Texas power crisis underscores need for infrastructure investments to build resilience

The electric industry is weighing in on how best to build a more resilient grid as historic winter storms hamper the electricity generating and delivery system in Texas and other states, with experts saying new investments in infrastructure are needed to decrease the risk of outages in the future.

“We need infrastructure that strengthens the grid as a platform, an interconnected machine,” said Scott Aaronson, vice president of Security and Preparedness for the Edison Electric Institute (EEI), the association representing all U.S. investor-owned electric companies.

With more than two million Texans still without power in arctic weather, and questions on the timing of a return to normalcy, future electric sector investments and policies are critical for preventing future disasters, not just in Texas but across the nation.

Arshad Mansoor, president and CEO of the Electric Power Research Institute (EPRI), said that “broader interconnection through new transmission will increase access to diverse resources and fuel supplies and is a critical piece of a resilient grid that accommodates more low-carbon resources.” Mansoor said these kinds of upgrades will make the grid more resilient, i.e., having the ability to withstand extreme events, not just from weather but from terrorism and physical attacks.
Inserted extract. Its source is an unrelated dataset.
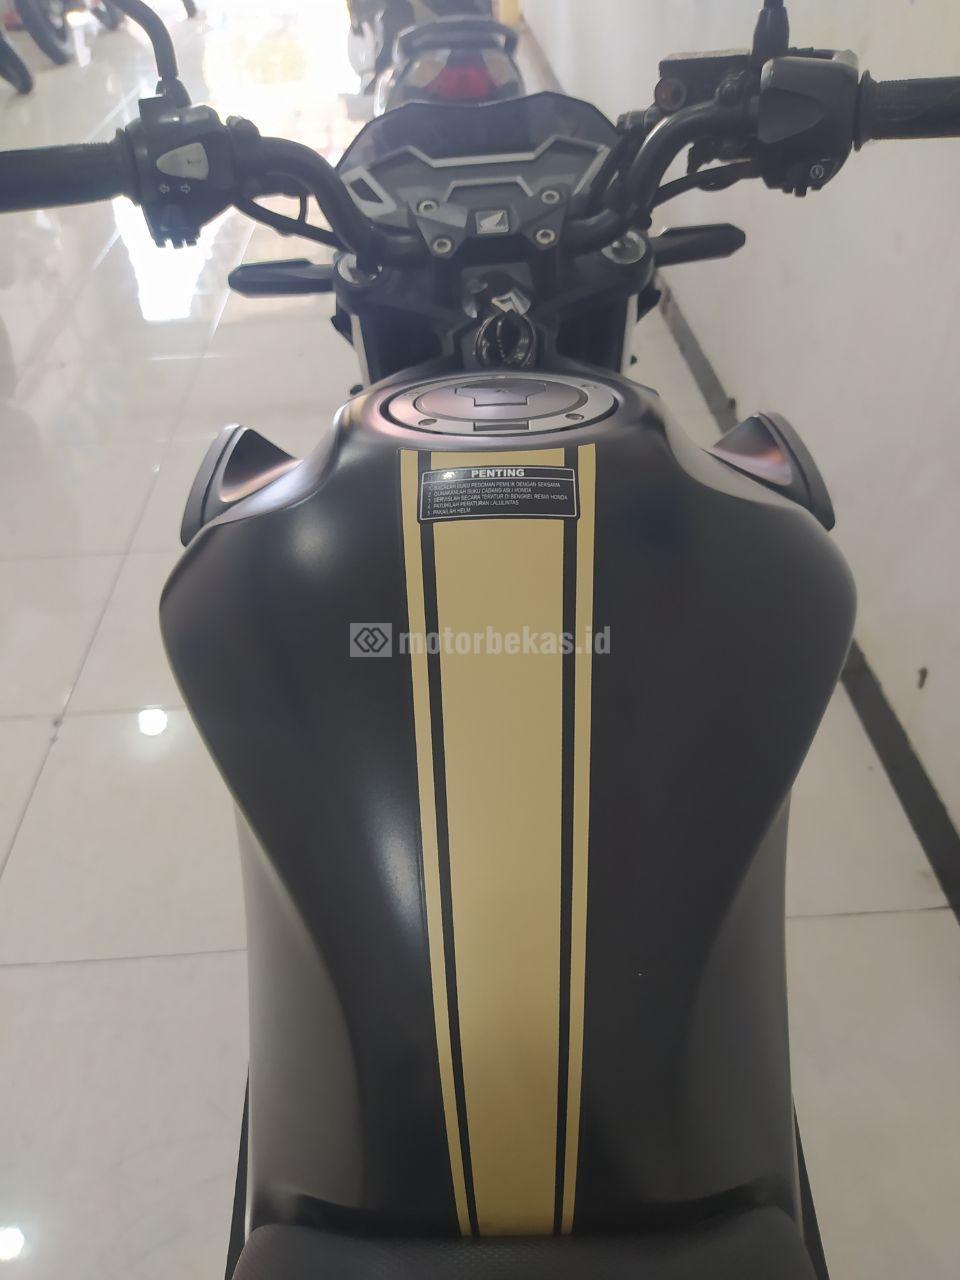 HONDA NEW CB150R SE  2117 motorbekas.id

In electricity planning, resilience connotes a step beyond day-to-day reliability requirements.

A recent EPRI technical report focuses on extreme events. It concludes planning processes and resource adequacy, “typically don’t consider extreme climate scenarios that a resilient grid must be able to handle going forward.”

This raises questions about the degree of resilience that regulators might demand. Because of costs, for example, it likely doesn’t make sense to require Texas operators to winterize to the same extent as utilities and transmission operators in say, Minnesota. Aaronson said post-crisis evaluations will likely set new requirements, but these still have to be kept in balance and within a larger context of efficiency and affordability.

Aaronson said going forward, “we need to determine the right level of resilience.” There needs to be broader discussion about the metrics to make new demands. Should they be based on data from every decade or from a 50-year rolling average?

“My view of resilience,” he said, “is don’t put all your eggs in one basket. We need a mixed, variable fuel-energy strategy.”

A recent paper from the Midcontinent Independent System Operator (MISO), which delivers electric power across 15 U.S. states, said a renewable mix even below 30 percent “requires transmission expansion and significant changes within current operating, market and planning practices.”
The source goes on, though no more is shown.